**Information:**
▼▼▼
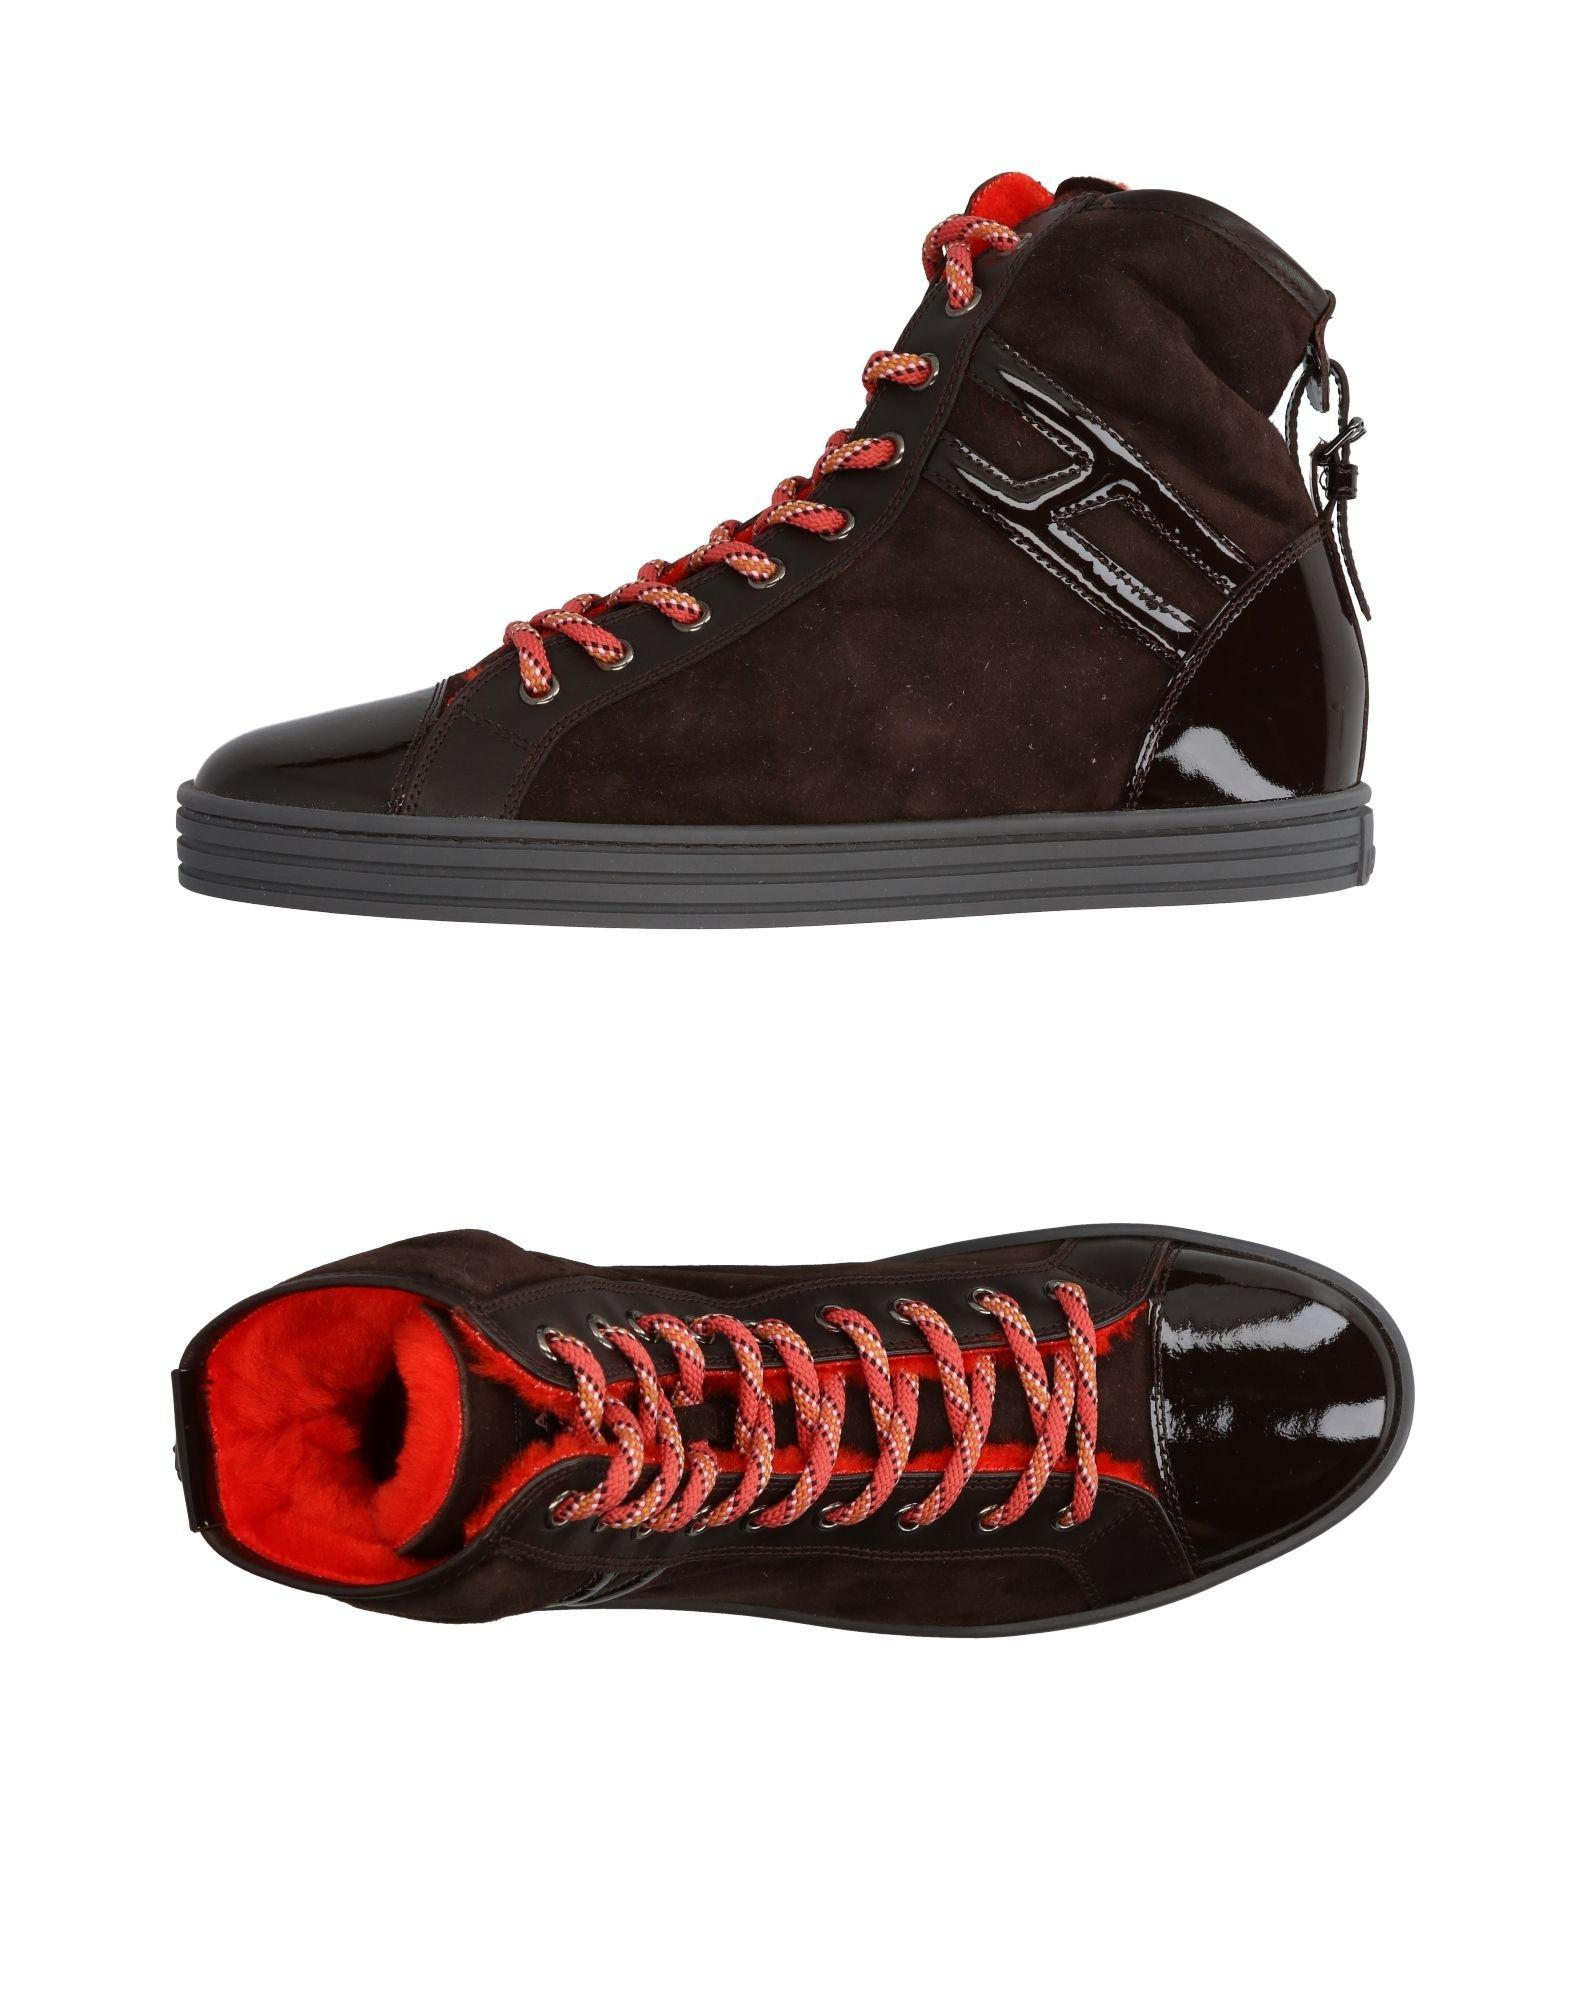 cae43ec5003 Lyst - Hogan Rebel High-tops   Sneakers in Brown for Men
▲▲▲
▼▼▼
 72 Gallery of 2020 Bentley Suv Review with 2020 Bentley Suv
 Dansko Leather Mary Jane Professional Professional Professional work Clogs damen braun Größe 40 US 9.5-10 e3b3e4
▲▲▲
▼▼▼
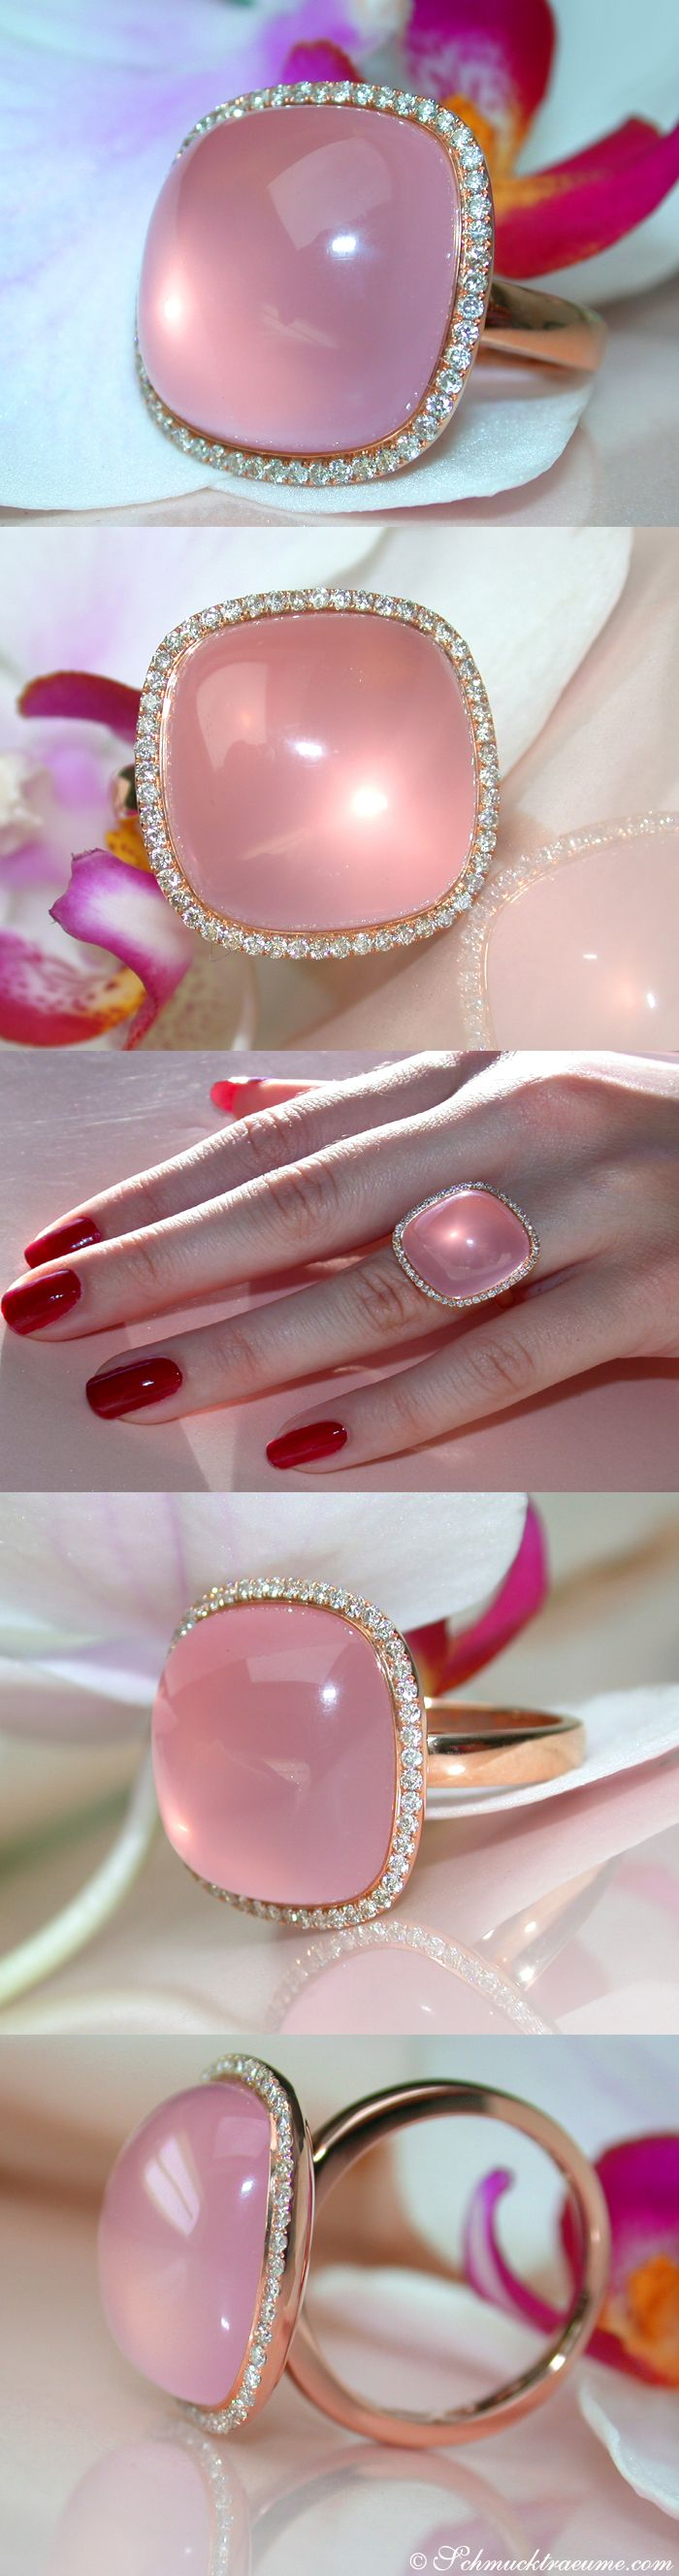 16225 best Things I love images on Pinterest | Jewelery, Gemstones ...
▲▲▲
**What is needed:** Starting at the line that has "72 Gallery of" in the records above, restate word for word every line until the one that has "Dansko Leather Mary", and include that one as well.

**The answer:**
 72 Gallery of 2020 Bentley Suv Review with 2020 Bentley Suv
 Dansko Leather Mary Jane Professional Professional Professional work Clogs damen braun Größe 40 US 9.5-10 e3b3e4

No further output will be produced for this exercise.